# Yep yet another dig and again some more good stuff ..enjoy !!...oh and 1 mystery..



## Dewfus (Apr 22, 2020)

HOLY DUG UP MURDER WEAPON BATMAN !! Can someone tell me what kind of toy gun this is ..its heavy and rusty lol 






 
Found 2 more mason jars 


 
This lock seems old  


 
Microphone maybe siren ??? Idk help lol 





Found my 3rd Goshen city bottling compay from goshe. Indiana 10 mins away from me and my 8th sheele bottle


----------



## CanadianBottles (Apr 23, 2020)

I like that baggage tag!  I've been to Manayunk before, I really like that neighbourhood.  And I think your unidentified metal thing is a fan without the blades or motor.

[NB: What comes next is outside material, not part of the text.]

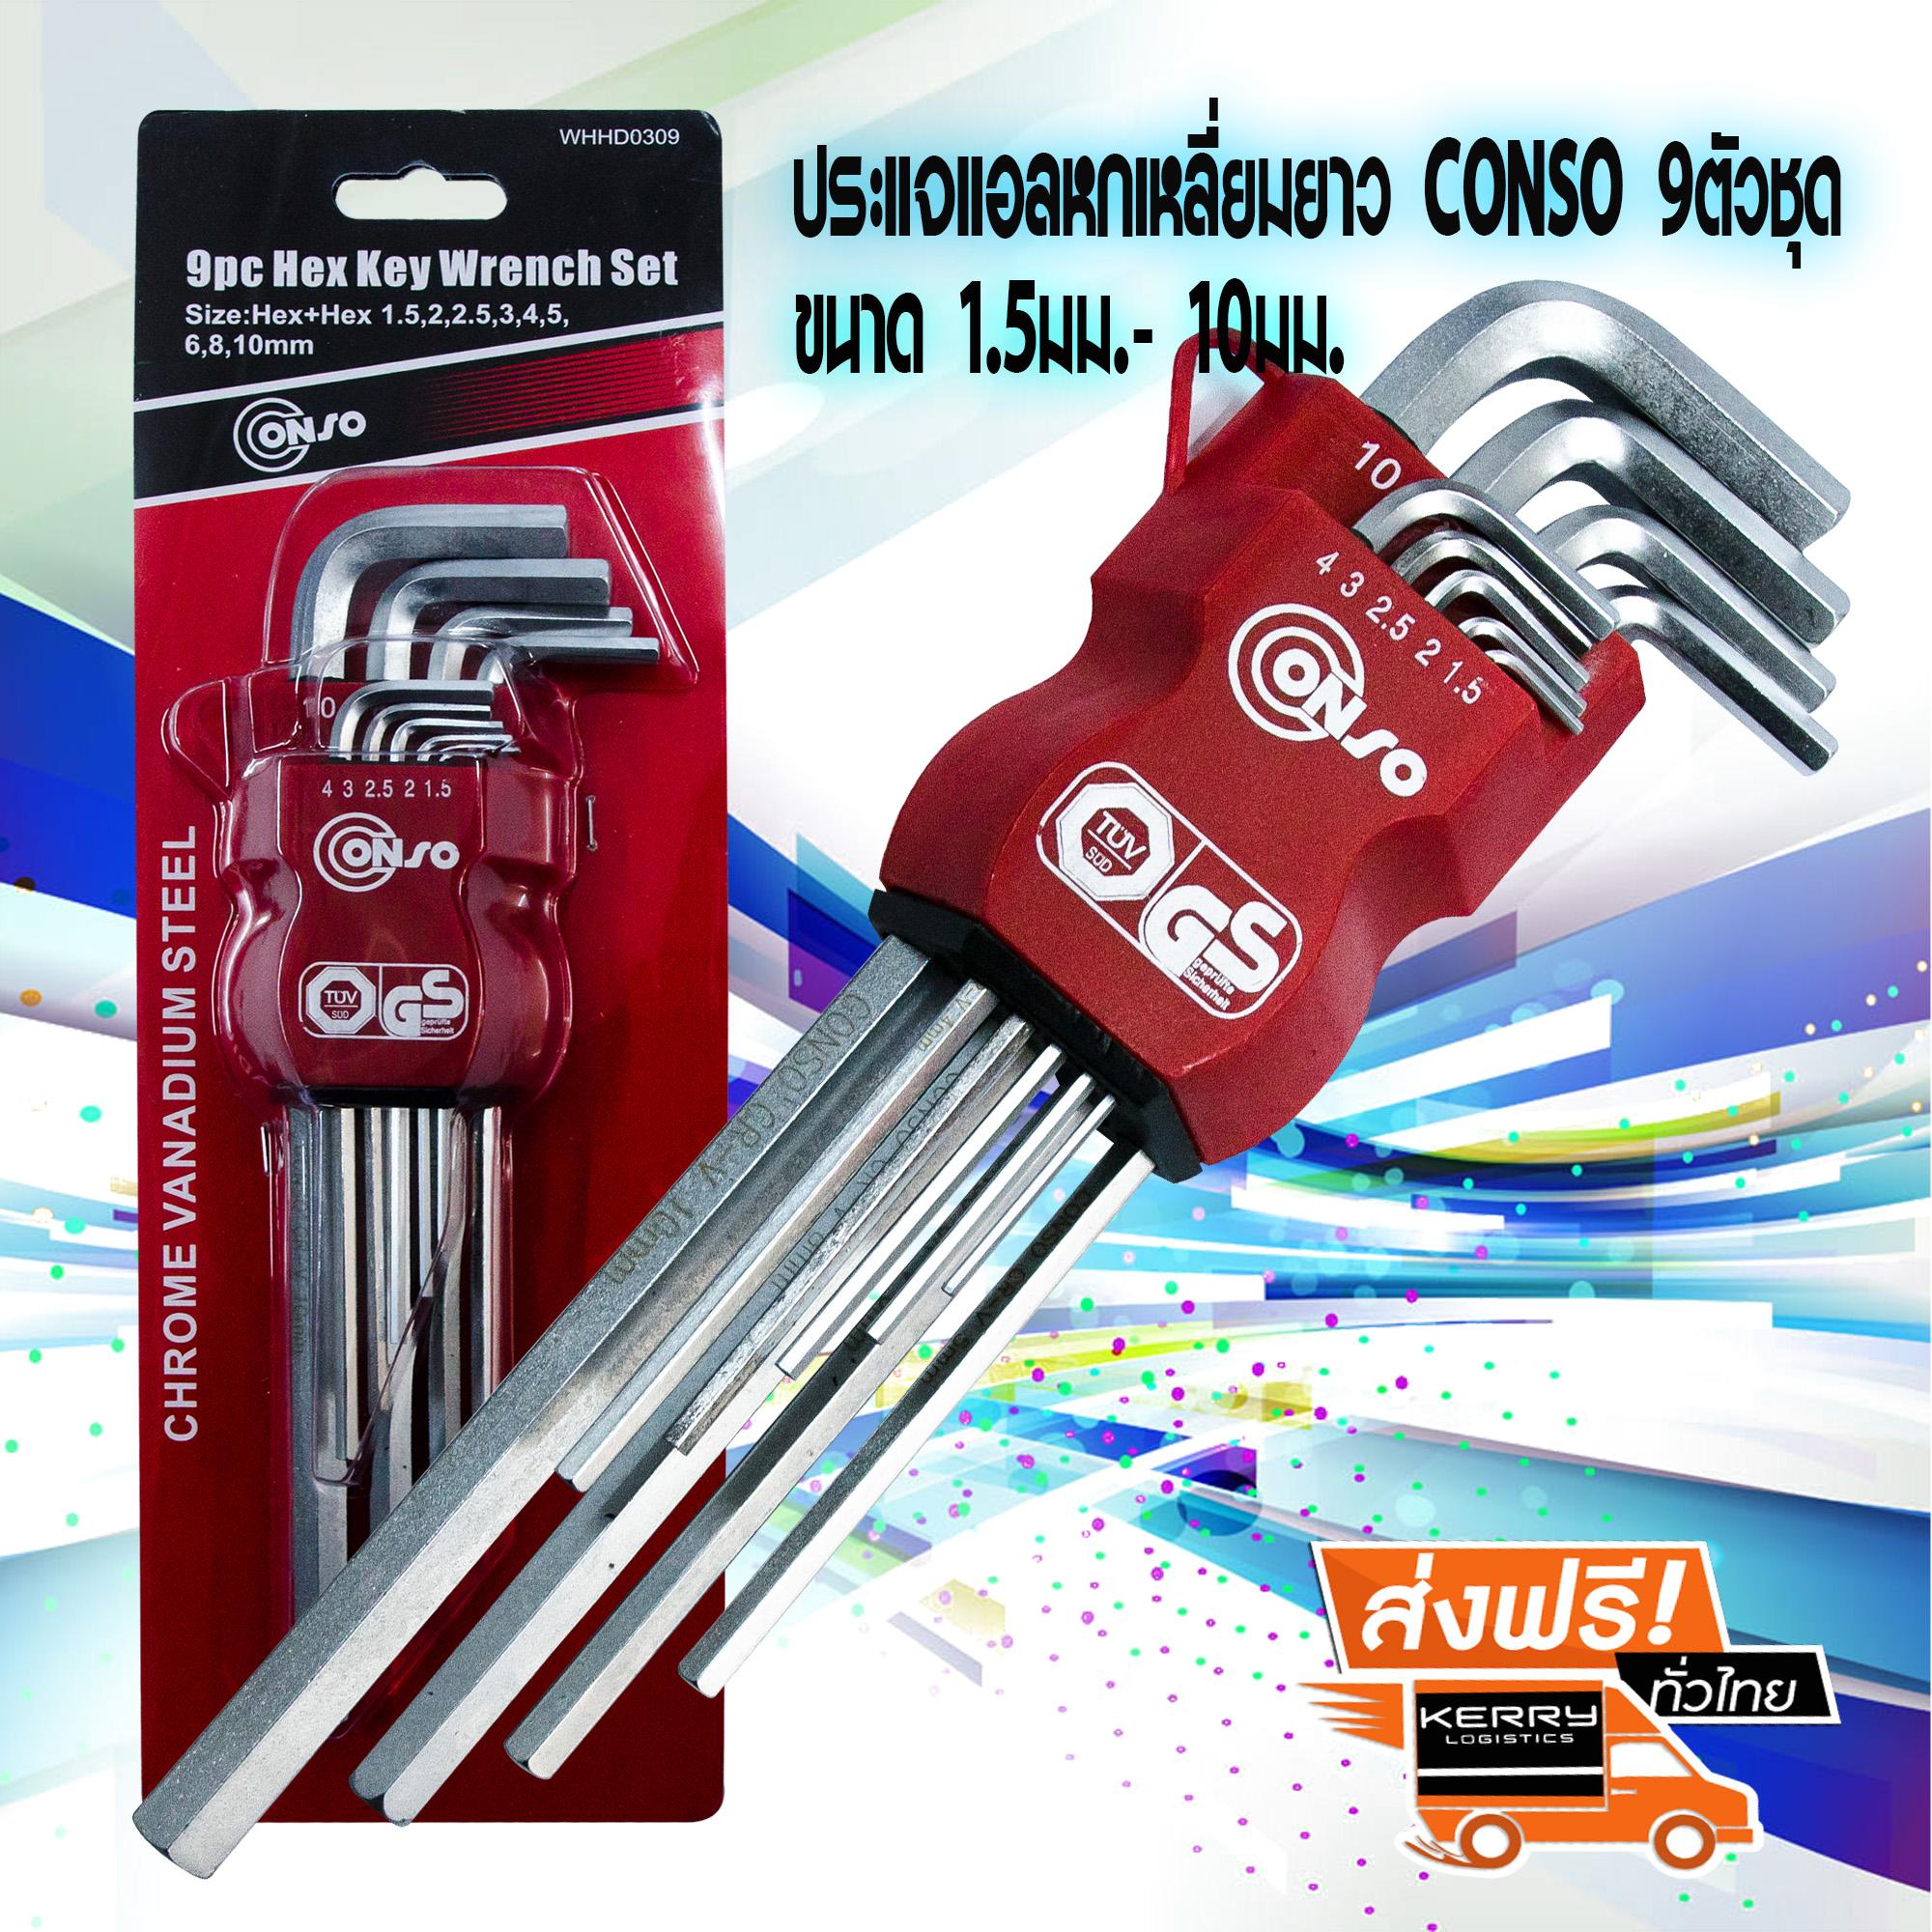 Conso ชุดประแจแอล ประแจแอล ประแจหกเหลี่ยมยาว ชนิดมิล 9ตัวชุด  1.5-10มม  9pcs Metric Hex Key Wrench Set Conso

Also are you sure that's a toy gun?  Definitely not unheard of to find real guns in bottle dumps.


----------



## RCO (Apr 23, 2020)

the gun might be a pellet / BB gun , is some that look similar and appear like hand guns but fired pellets / BB's , that be my guess


----------



## Dewfus (Apr 23, 2020)

CanadianBottles said:


> I like that baggage tag!  I've been to Manayunk before, I really like that neighbourhood.  And I think your unidentified metal thing is a fan without the blades or motor.
> 
> Also are you sure that's a toy gun?  Definitely not unheard of to find real guns in bottle dumps.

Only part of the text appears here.